Upgrade of Lustre servers to solve the last weeks problems 2019-07-(01-05) (clusters now UP again)

  • Posted on: 27 June 2019
  • By: torkel

The last two weeks we have had serious problems with PFS, the parallel file system. The cause to the problems was identified fairly quickly. All attempts to get a temporary fix in place over the summer have failed though.

We have therefore, in consultation with the vendor of the storage solution, decided to update the server software starting the morning of July 1. The update was originally planned to take place in the early autumn and contains a permanent fix to the problems we have seen.

The update is expected to take the whole week.

Accessing the data on the PFS filesystem will be not be possible during the upgrade.
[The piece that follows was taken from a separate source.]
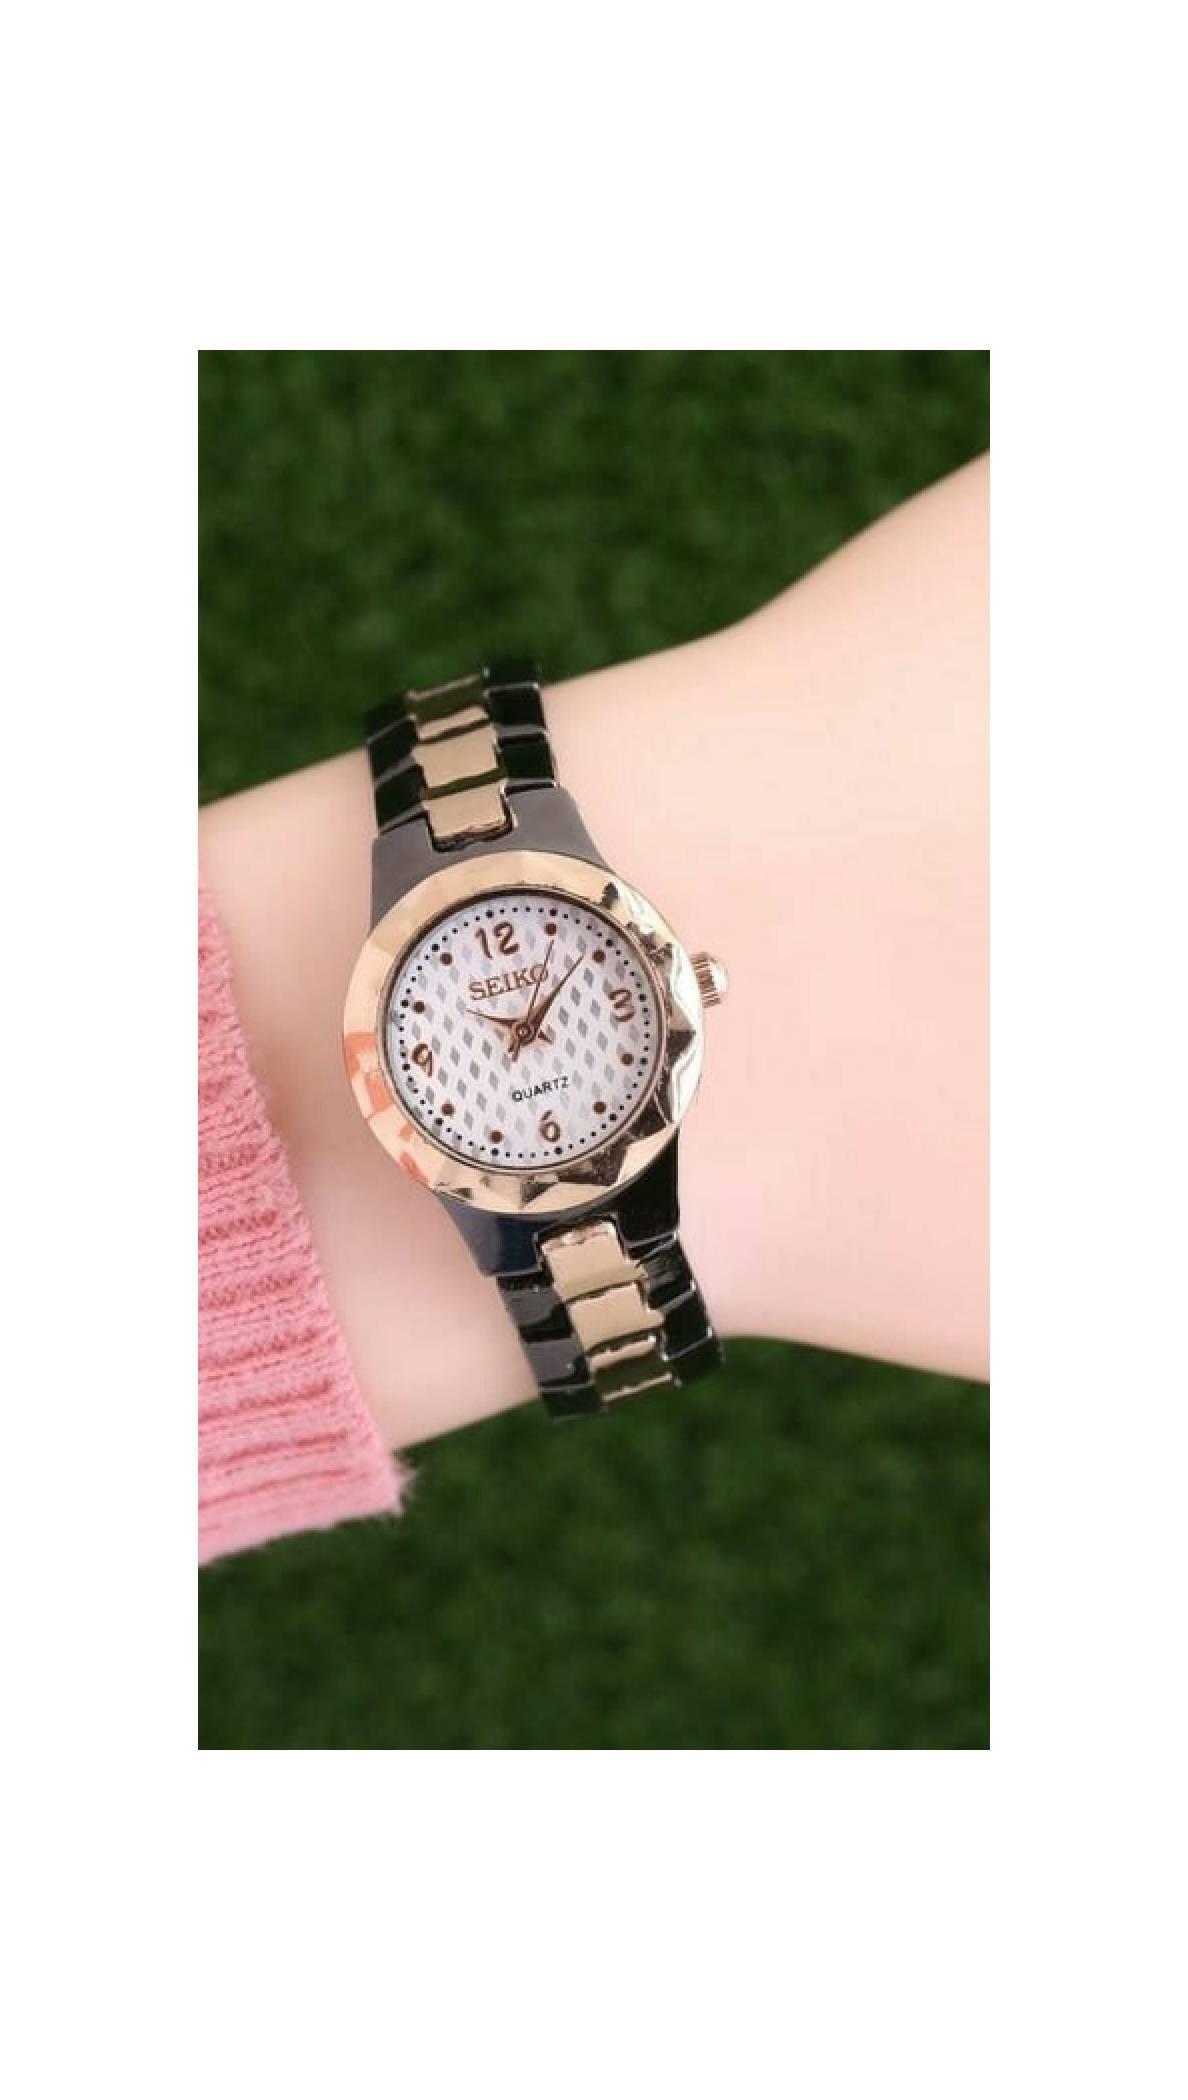 jam tangan wanita hitam gold emas black seiko merk kw bagus keren

Make sure that any data you need during the update is saved somewhere else.

All systems, Kebnekaise and Abisko, including the login nodes, will be unavailable during the upgrade.

Note: There is no backup of the PFS filesystem. The data stored on PFS should not be affected by the upgrade, but there are always risks when doing major upgrades. Make sure that you have backups of important data stored on the PFS. 

 

*UPDATE 20190704 16:10*

The upgrade is now done and everything has been verified to work.

Login nodes have been opened and jobs are running again.

Updated: 2021-11-11, 13:50